Post # 1
So, we have an uneven number of bridesmaids and groomsmen. Some of them are bringing their dates, some are not.
No matter how we swing it, there is an extra bridesmaid.
Any suggestions? My mind is getting boggled and I can’t get creative.
Is this dance really worth it? We are doing a "first" dance, father/daughter dance and mother/son dance. No other traditional dances, like the money dance, bunny hop, etc.

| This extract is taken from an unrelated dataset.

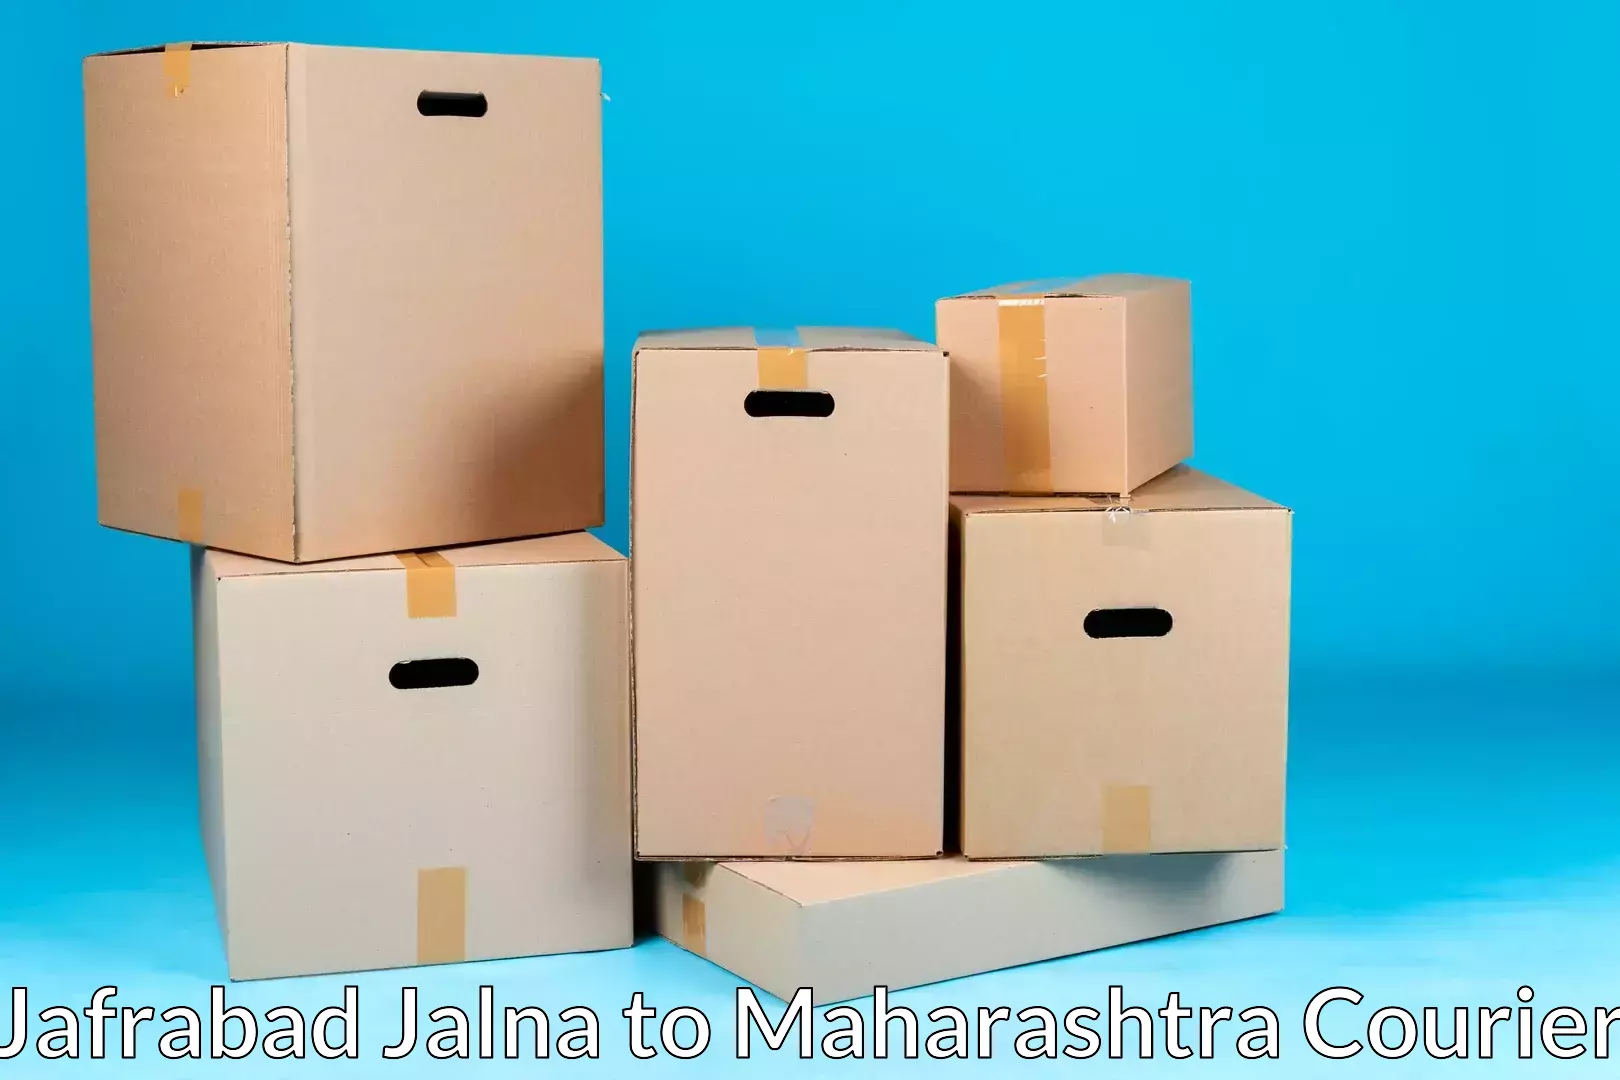 Trusted relocation experts Jafrabad Jalna to Jalna

Should we try to figure something out, or just let it go?
Post # 3
just let it go. i’m sure your bridal party and guests will be fine without it. you are having enough dances as it is. but, it’s your wedding, so if it really means something to you, then by all means, just have someone else fill in for any extras. if you are doing it for tradition, look at it this way
the dance is not meant to inflate or deflate your marriage, so why stress over it? that is how i’m viewing a lot of wedding things now. i am not having a garter or bouquet toss because it has no meaning to me, even though it’s suppose to be traditional. the way i see it, i’ve been to many weddings that have had them and while some couples have remained married, others have divorced, so i don’t view it as anything too important. whatever you decide, let it be about you and Fiance.
Post # 4
Definitely let it go! I was in a wedding with an uneven party and the whole thing was semi-mortifying.
Post # 5
We didn’t do the dance> i always feel like its forced–half of your bm’s or gm’s probably have an SO at a table in the wedding. Shoot, if i was in a wedding, I don’t want to be forced to dance w/ someone who isn’t my husband! In fact, I haven’t seen those in a long long time. Don’t do the Bridal Party dance.
Post # 6
Okay, bridal party dance is officially nixed!!
Thanks! You made it easy!
Post # 7
Great choice!!! I have an even number of bridesmaids and groomsmen and I just think it is a little awkward to have them dance with eachother so we aren’t doing a bridal party dance.
Post # 8
Funny, I’m not sure I’ve ever been to or in a wedding with a bridal party dance. I’d never heard of it until just now. So I definitely don’t think skipping it is a big deal 🙂
By The Way, for my sister’s wedding we were all in red. So the DJ ended up playing "Lady in Red" and dedicating it to the BMs. Dedicating a song to your Bridal Party but letting them pick their own partner is another way to go.
Post # 9
Good decision! I’m skipping the "bridal party" dance too. I just don’t see the point. I want EVERYONE up and dancing!
Post # 10
Agreed, definiteliy awkward when there are SO’s etc. 🙂
Post # 11
I’m with FizicsGirl – I’ve never heard of the bridal party dance either! So we’re definitely not going to do one. I think it’d be kind of odd if we did anyway since we each have 2 on each side half of which are siblings. haha
Post # 12
I think we’re going to skip it too–5 bridesmaids, 4 groomsmen, and only 2 bridesmaids are single. Every other person in the wedding party is married or in a long-term relationship. I think it’ll just be awkward no matter what, so we’re going to just skip the whole issue. I know the bridal party dance is technically supposed to "open up" the dance floor for the night, but I think everyone knows when it’s time to dance. ^_^
Post # 13
i definitely will not be doing one for mine but my friend is and I am in her wedding and not looking forward to doing the dance but didn’t say anything cuz its her wedding
Post # 14
Good choice! We are not going to have a bridal party dance either. As many others said, that would require some people to dance with someone other than their SO. And to top it all off, our two tallest people (every one else is significantly shorter) used to go out and there is a conflict with them being paired up so as it is the recessional is going to look pretty funny with my 5’8″ brother walking my 6′ friend and the 6’5″ groomsmen walking my 5’4″ cousin! Too akward for a dance!
Post # 15
We’re not doing a dance either. I think other than the first dance and the father/daughter dance we might forgo the rest of them. They’re just boring and awkward.
Post # 16
Yeah I hadn’t heard of that one so I’d totally skip it.